The task:
The full listing, returned exactly and free of pictures, is the expected answer.

Data:
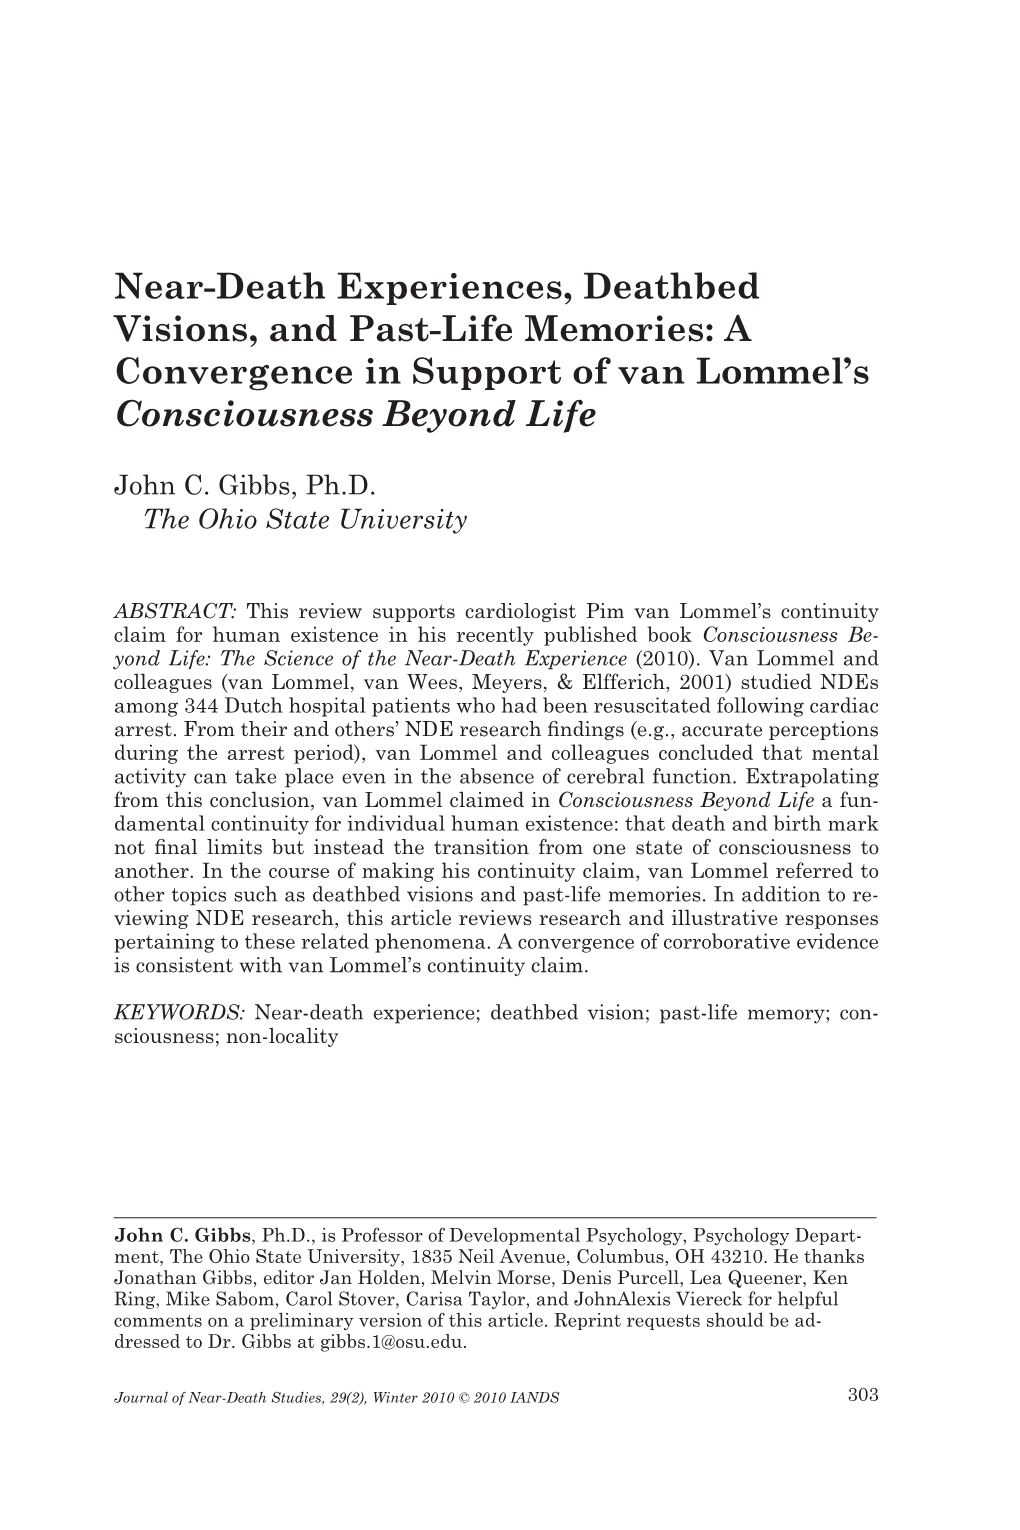 Near-Death Experiences, Deathbed Visions, and Past-Life Memories: a Convergence in Support of Van Lommel’S Consciousness Beyond Life
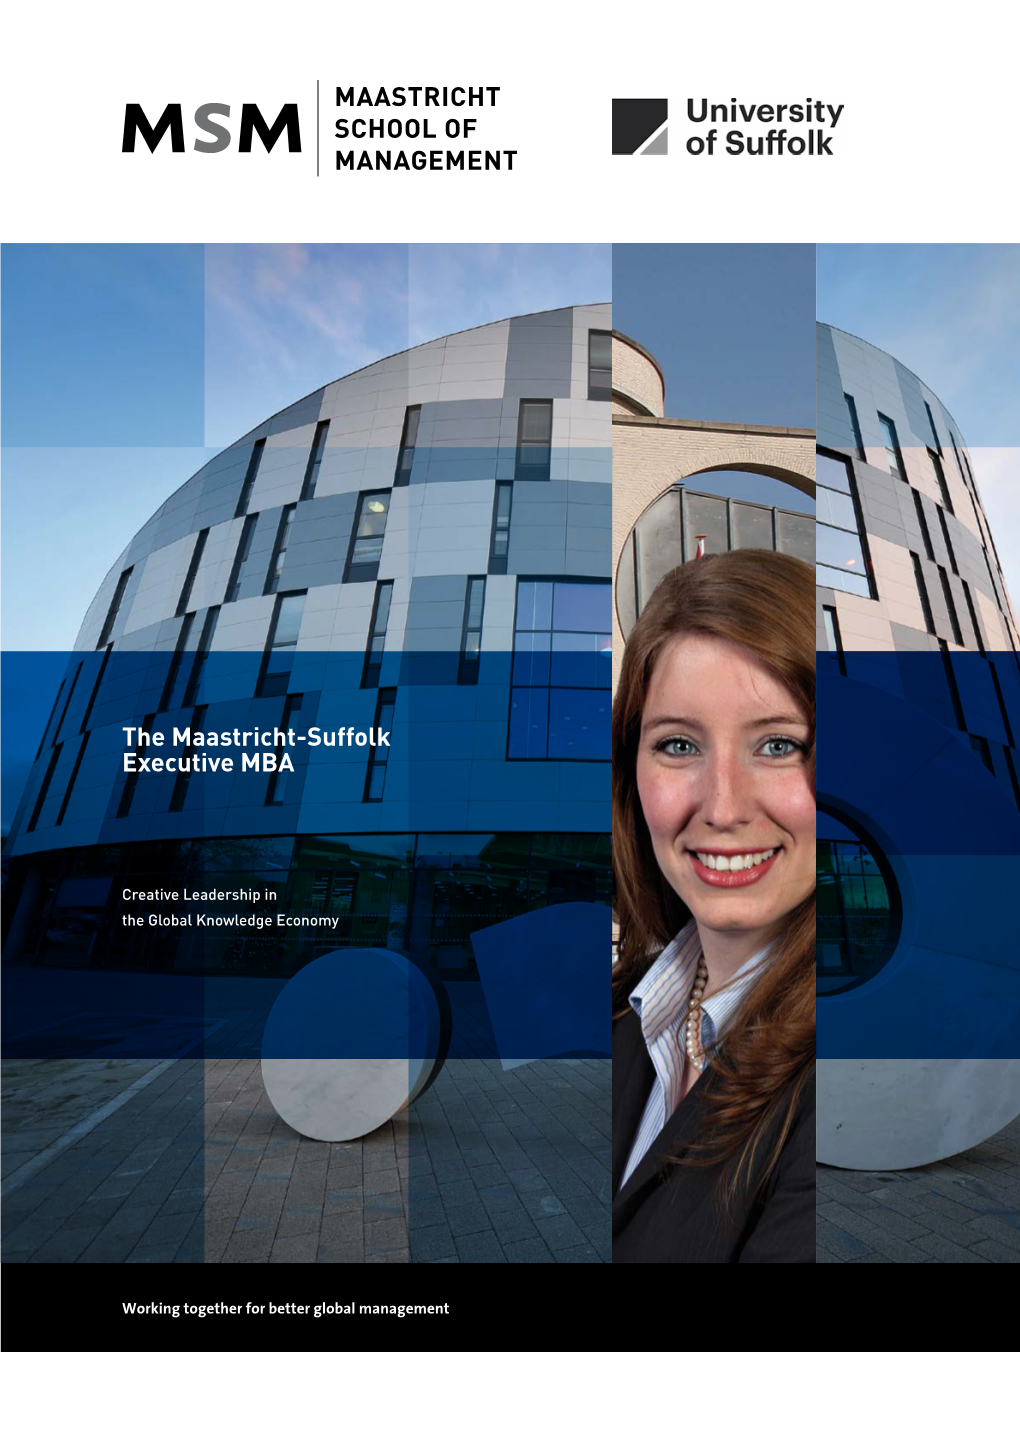 The Maastricht-Suffolk Executive MBA
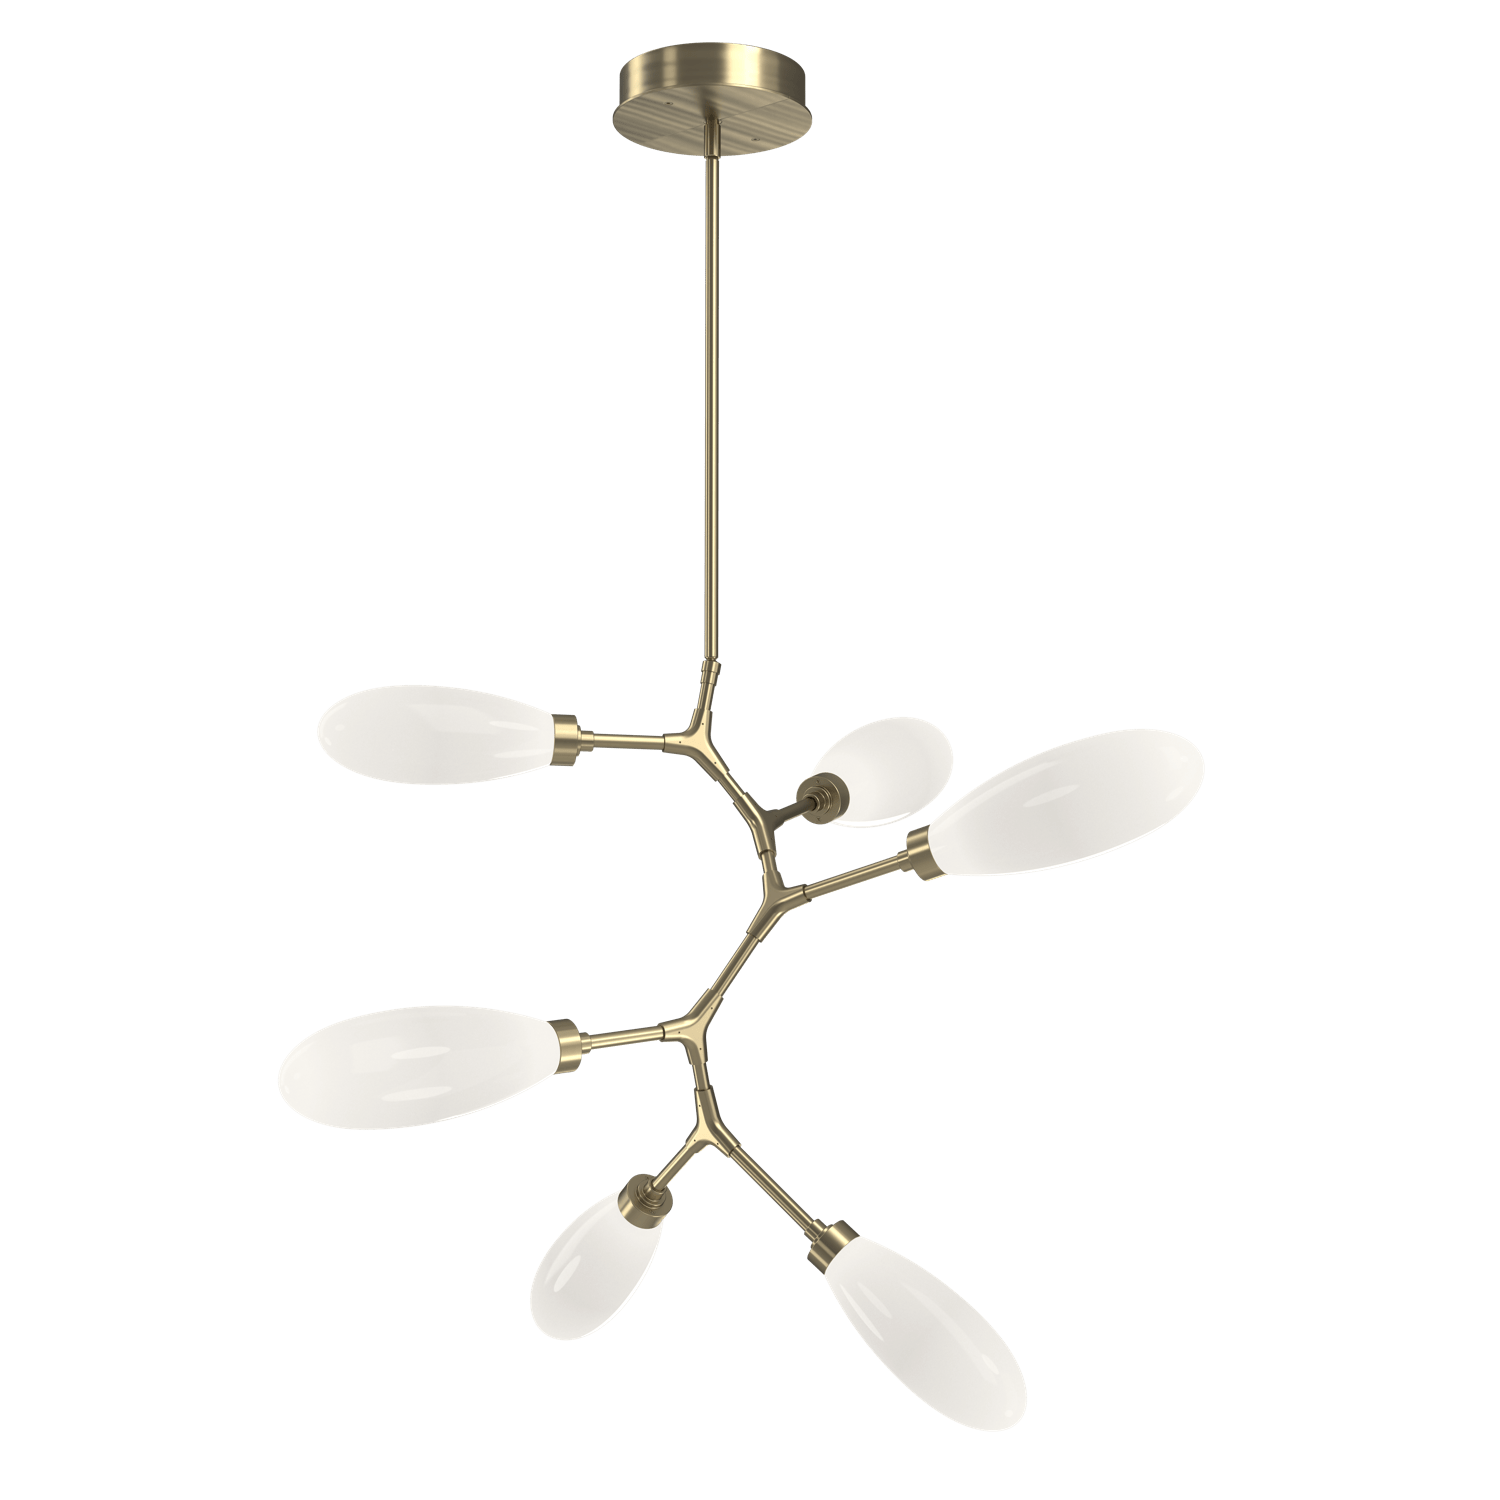 CHB0071-VA-HB-WL-LL-Hammerton-Studio-Fiori-6-light-organic-vine-chandelier-with-heritage-brass-finish-and-opal-white-glass-shades-and-LED-lamping
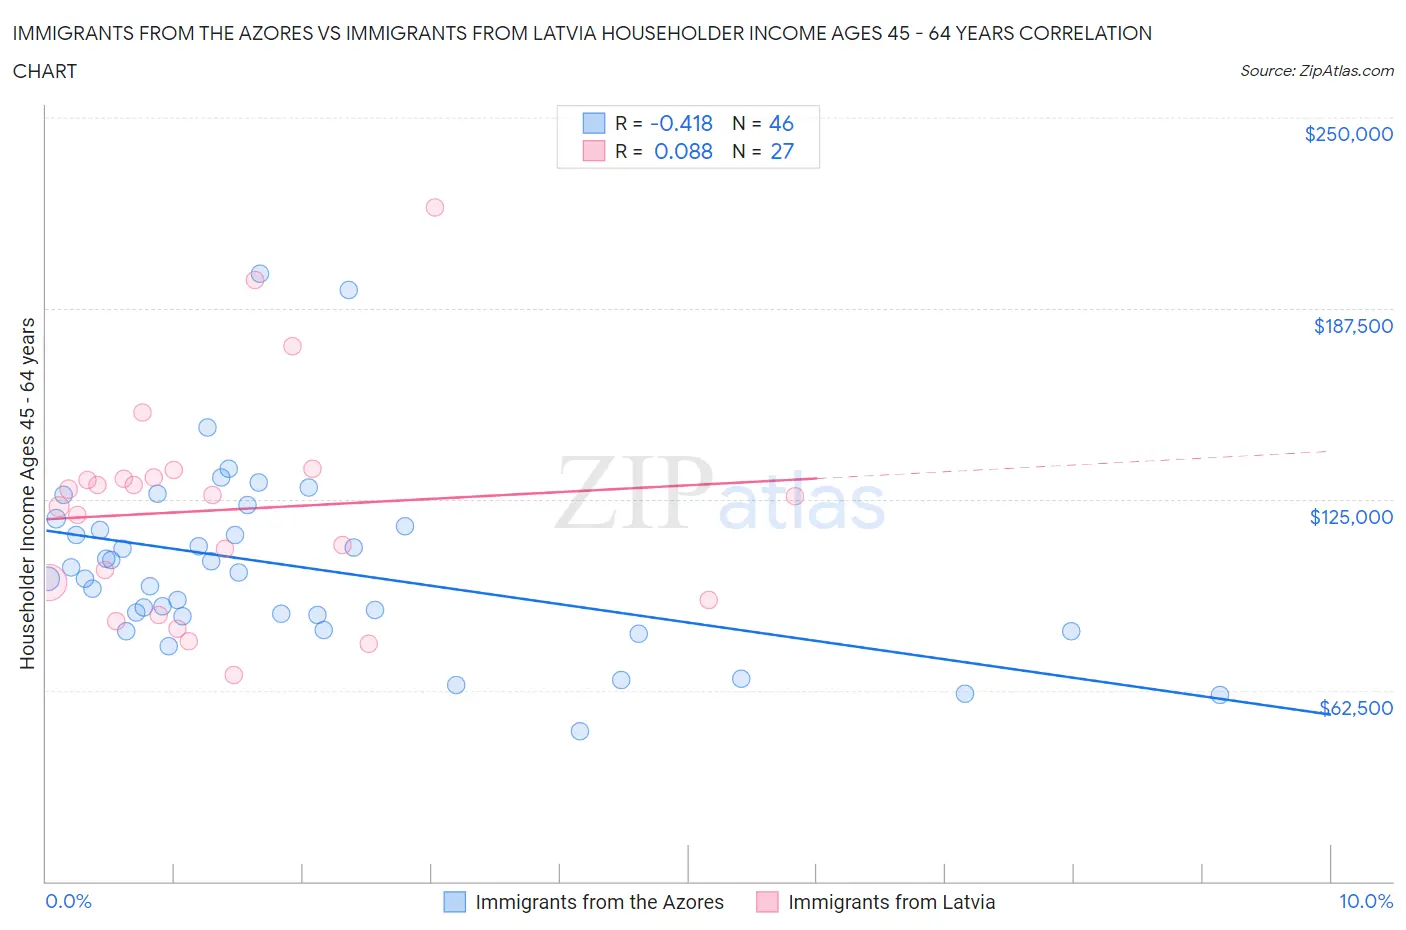 Immigrants from the Azores vs Immigrants from Latvia Householder Income Ages 45 - 64 years

Result for this exercise:
 Near-Death Experiences, Deathbed Visions, and Past-Life Memories: a Convergence in Support of Van Lommel’S Consciousness Beyond Life
 The Maastricht-Suffolk Executive MBA
 CHB0071-VA-HB-WL-LL-Hammerton-Studio-Fiori-6-light-organic-vine-chandelier-with-heritage-brass-finish-and-opal-white-glass-shades-and-LED-lamping
 Immigrants from the Azores vs Immigrants from Latvia Householder Income Ages 45 - 64 years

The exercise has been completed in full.